By Douglas Pratt Pratt@moviecitynews.com
Honey West
![]() |
It lasted just one season, but Honey West was such a breakthrough TV program that it easily overshadows Forbidden Planet as star Anne Francis’ best remembered role. The 1965-66 ABC Network series, spun off from Burke’s Law, was probably too expensive to renew, but it presented, for the first time, a female action heroine as the lead of an American network television show. Yes, she had an assistant, played by John Ericson, who helped her out in fights and also managed the electronic gadgets, but the hierarchy of their relationship was clear. She was the boss, and not some Avengers-style sidekick.
VCI Entertainment has released all thirty black-and-white full screen 25-minute episodes in a four-platter set, Honey West Complete Series. Each platter has a ‘Play All’ option and the chapter encoding jumps reliably over the opening credits. The picture transfers look very nice and the monophonic sound is solid. The music utilizes only a handful of cues, over and over, but they have a nice jazzy feel to them. There is no captioning. A total of 5 minutes of publicity photo montages are featured on the first and second platters, and all four platters have a total of 34 minutes of wonderful Sixties commercials (how come they don’t advertise hosiery on the TV anymore?) and plugs for ABC’s weekly lineup.
What is surprising is how well the series has held up over time. Perhaps having to jam a complete narrative into the half-hour time slot has something to do with it, but most of the episodes are fully entertaining (some, usually ones with good plot twists, were written by Richard Levinson and William Link), with clearly established characters, a brisk pace and efficient action sequences. Francis’ outfits are terrific, and while her karate chops and judo tumbles are a little arch, she nevertheless projects a blend of unashamed femininity and take-charge confidence that made an indelible model for all who followed her path.

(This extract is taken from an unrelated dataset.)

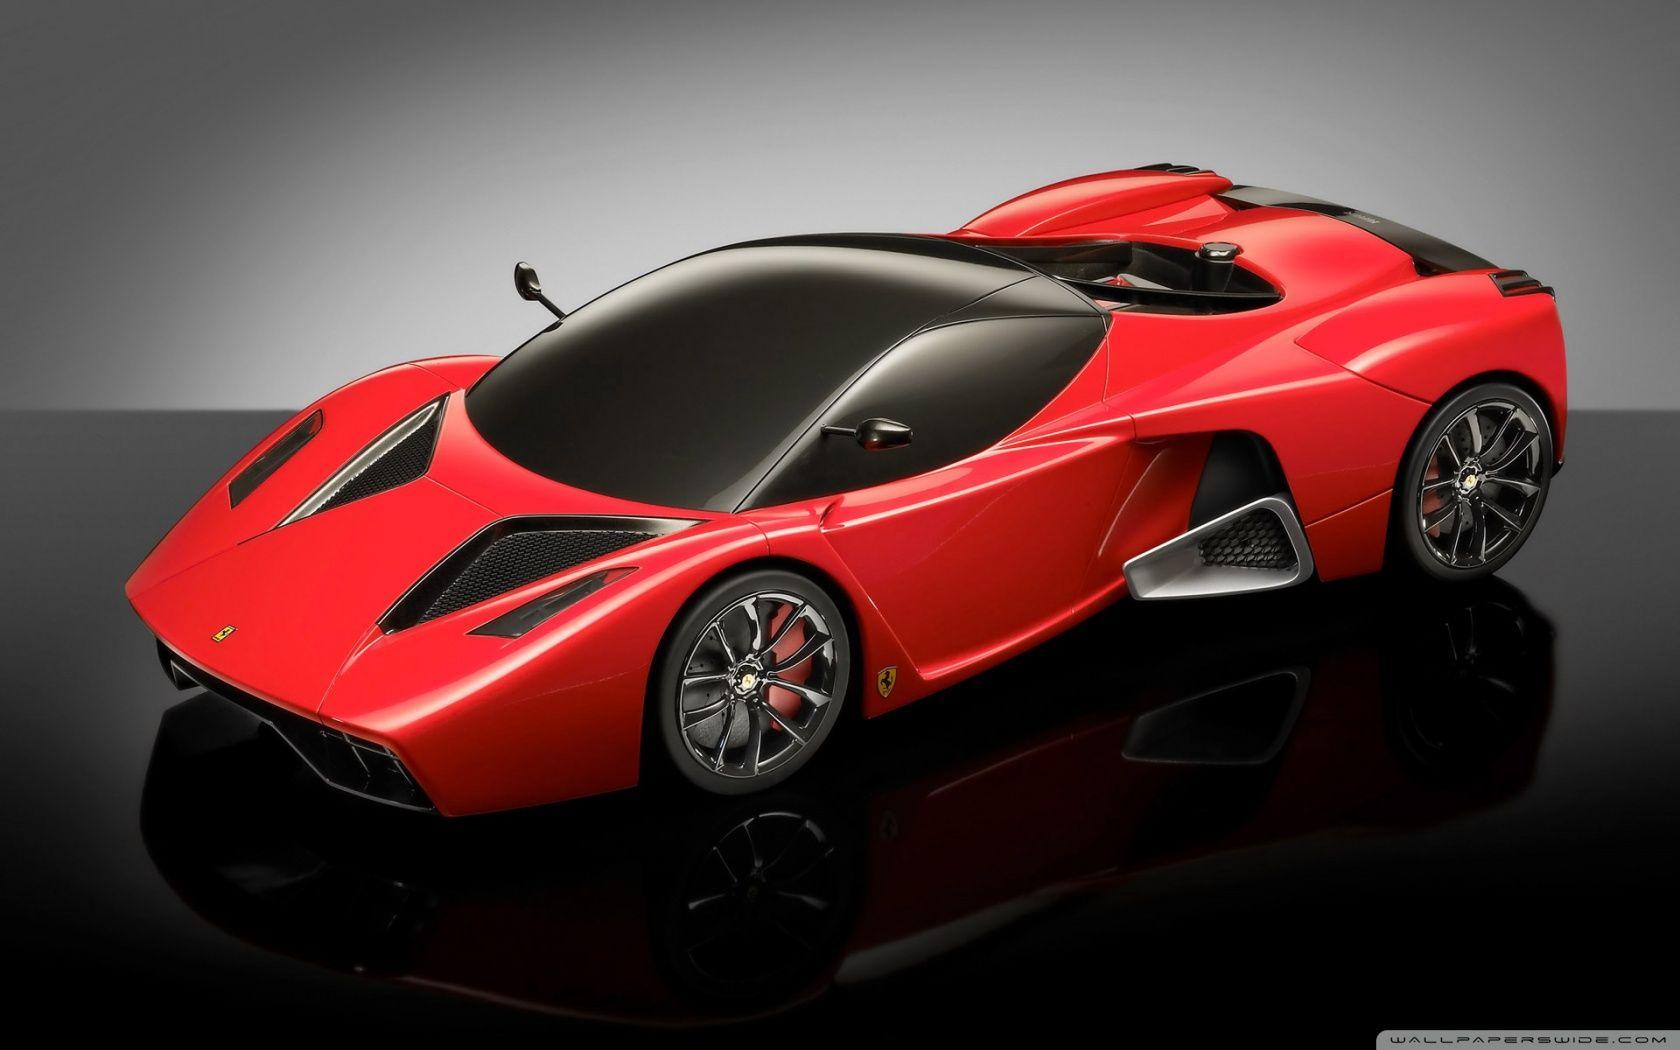 Ferrari Hd p Wallpaper Free for Desktop Background For Mobile 1500

The episodes are varied in tone, with some having strong comical underpinnings (and involving gorillas, robots and such) and some being straightforward crime dramas. The heroes use advanced (for the time) gadgetry, including having rotary phones in their cars. Francis plays a dual-role in one episode and is visited in others by guest stars such as Michael J. Pollard, Dick Clark, Bert Parks, Kevin McCarthy, a very young Joe Don Baker, Edd Byrnes, Bobby Sherman, Wayne Rogers, Everett Sloane, Alan Jenkins, Richard Kiel and so on.Ida Lupino directed an episode. One of the high points of the series is a terrific after-hours fight in the sporting goods section of a department store, as the characters grab everything that is available to them in the displays. Francis’ character also has a pet ocelot, one of the icons of the show, and it is fairly amusing to note, assuming the episodes are presented in pretty much the order in which they were shot, that when every new director comes on board he tries to use the ocelot creatively. The ocelot, however, clearly wants nothing to do with filmmaking, and thereafter, in that director’s episodes, its presence is minimal.